Comment Re:expert skill-based integration (Score 1) 160
It's not a matter of having an "urge". I lived in an area with a lot of gang violence, and I had a lot of friends who weren't particularly good at standing up for themselves... hippies, ravers, skaters, theater folk, etc. When your friends can't stand up for themselves and there's an imminent threat, you step forward.
I was just a cowardly little nerd who skipped a grade and was younger and smaller than everyone else when I was young, and spent a lot of time running away. Then I hit puberty and my balls dropped, and I had an altercation where a teacher didn't show up for class and the students were running wild, a football player punched me in the back of the head and called my mother a whore, and I beat him half unconcious with tables, chairs and desks. I was standing over his prostrate body with a chair in my hand, and a third guy suplexed me on my head while I was paying attention to the guy who had infringed my honour. One second I was standing, the next I was on my head semiconscious. It all happened so fast, I wanted to understand how he did it, so I joined the team and for the first time in my life I was fighting guys my own size instead of guys who outweighed me by a hundred pounds, and I was undefeated in tournament.

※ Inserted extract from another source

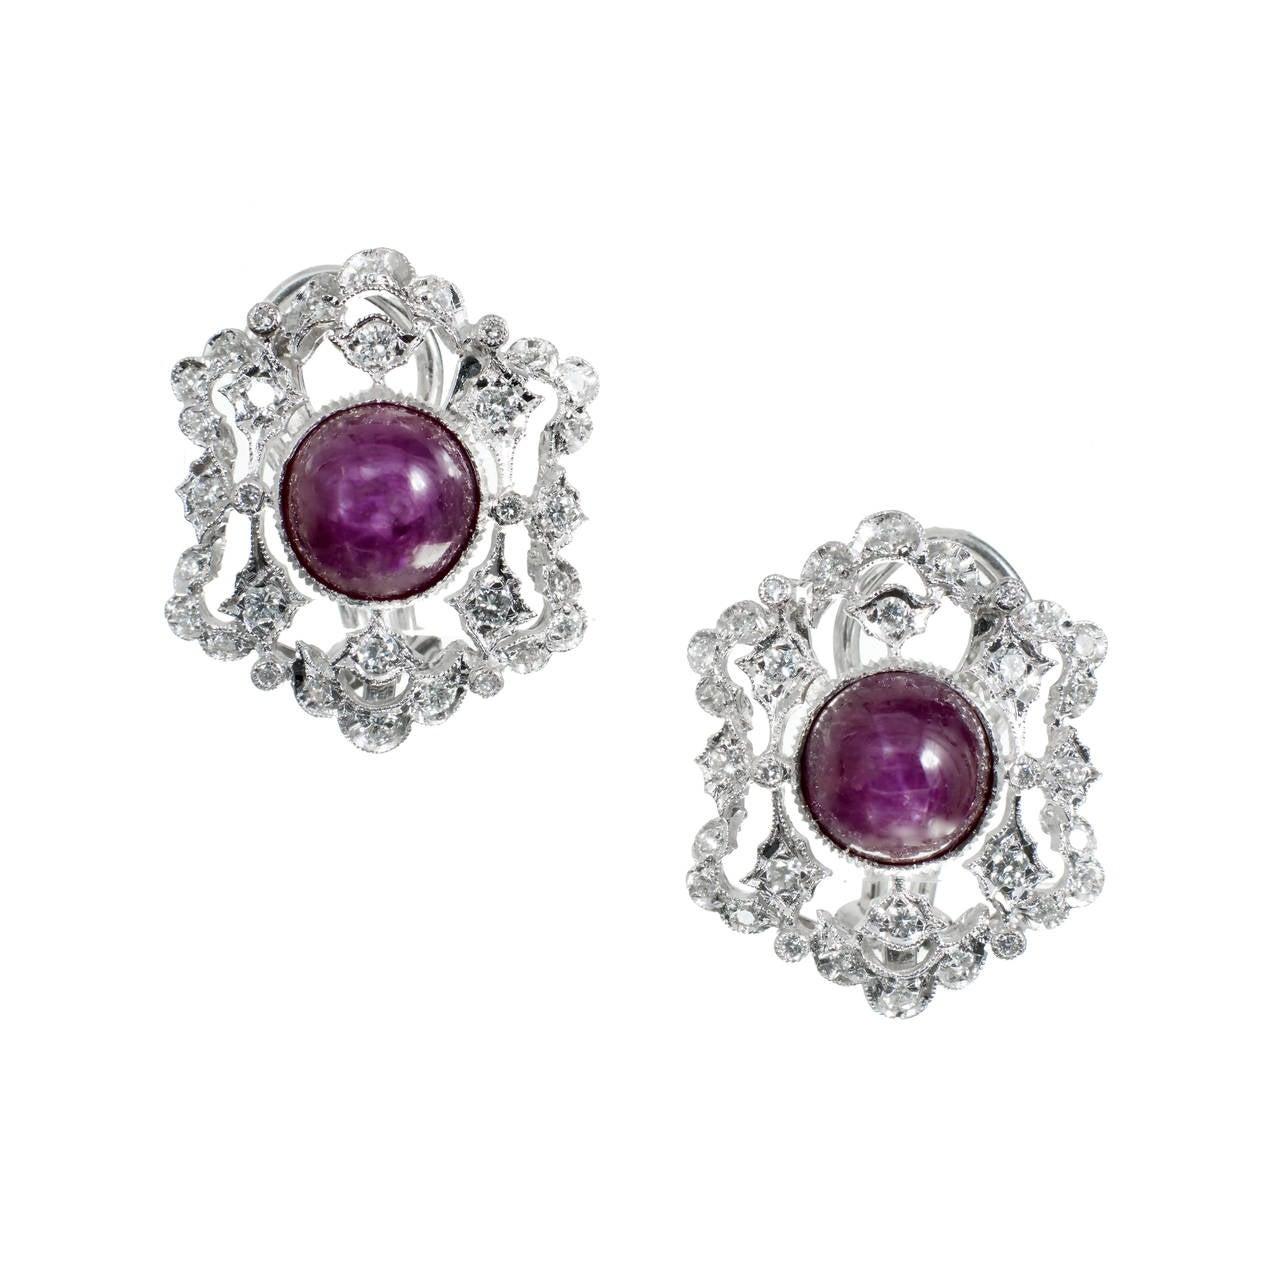 Natural GIA Cert Star Ruby Diamond White Gold Earrings 1
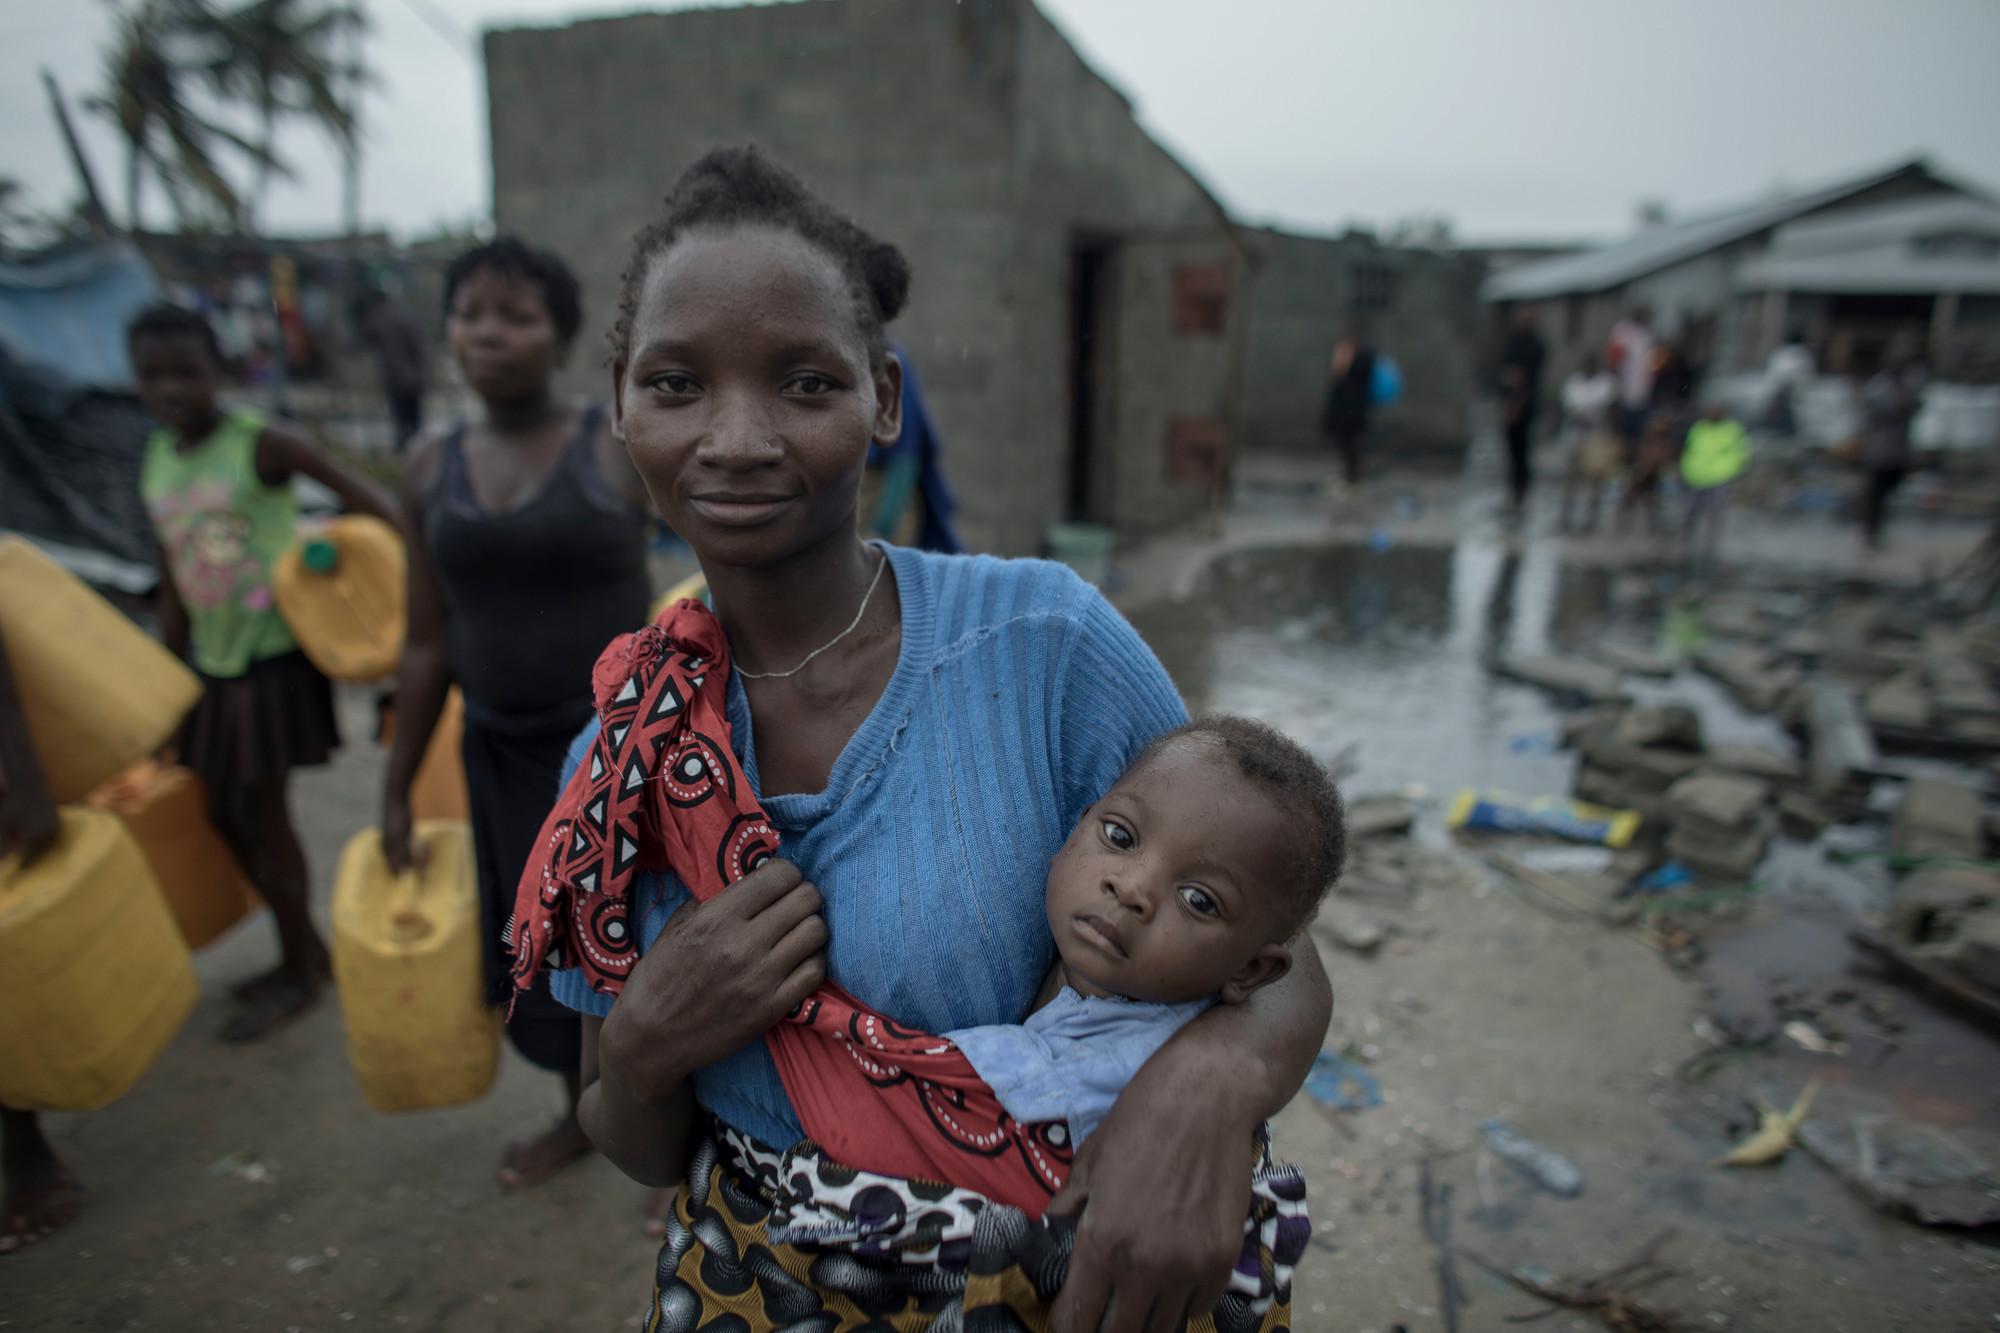 Una mujer en una calle embarrada sostiene a un bebé en un cabestrillo para bebés de un edificio de bloques de hormigón.

Now, we're all adults, I'm not wandering around being dwarfed by everyone I meet, and I'm a tough guy who still surprises himself because part of me still thinks of myself as David and everyone else as Goliath. I enter every fight expecting my opponent to break me, hoping only to break him more than he breaks me, and I'm always startled at how slow and incompetent he is. I still get my bones broken sometimes, I've broken ribs, my nose, my face, my teeth... but I fight through the pain until, in the end, I'm standing over my helpless opponent and holding his life in my hands.
Truth is, I like it. When the violence comes, the adrenaline response I get is much higher than the average guy, to the point where I get chills and shiver and am completely dismissive of pain. It scares people, when it's in the aftermath and my teeth are chattering and I'm grinning like a madman and shaking like a leaf in a storm, wishing there was someone else to fight because I feel SOO fucking awesome. Based on conversations with doctors and martial arts instructors, only about 5% of the population has a physiological response like I do.
Training aside, I seem to be built for this type of thing... although it's possible it's a learned response from the violence I saw in my youth.
At any rate, I think about it and talk about it because I like it, I'm good at it, and when the shit hits the fan, the people close to me appreciate it, even if they find it unpleasant to hear about when we're all sitting and making small talk. It's nice to participate in a serious conversation about it.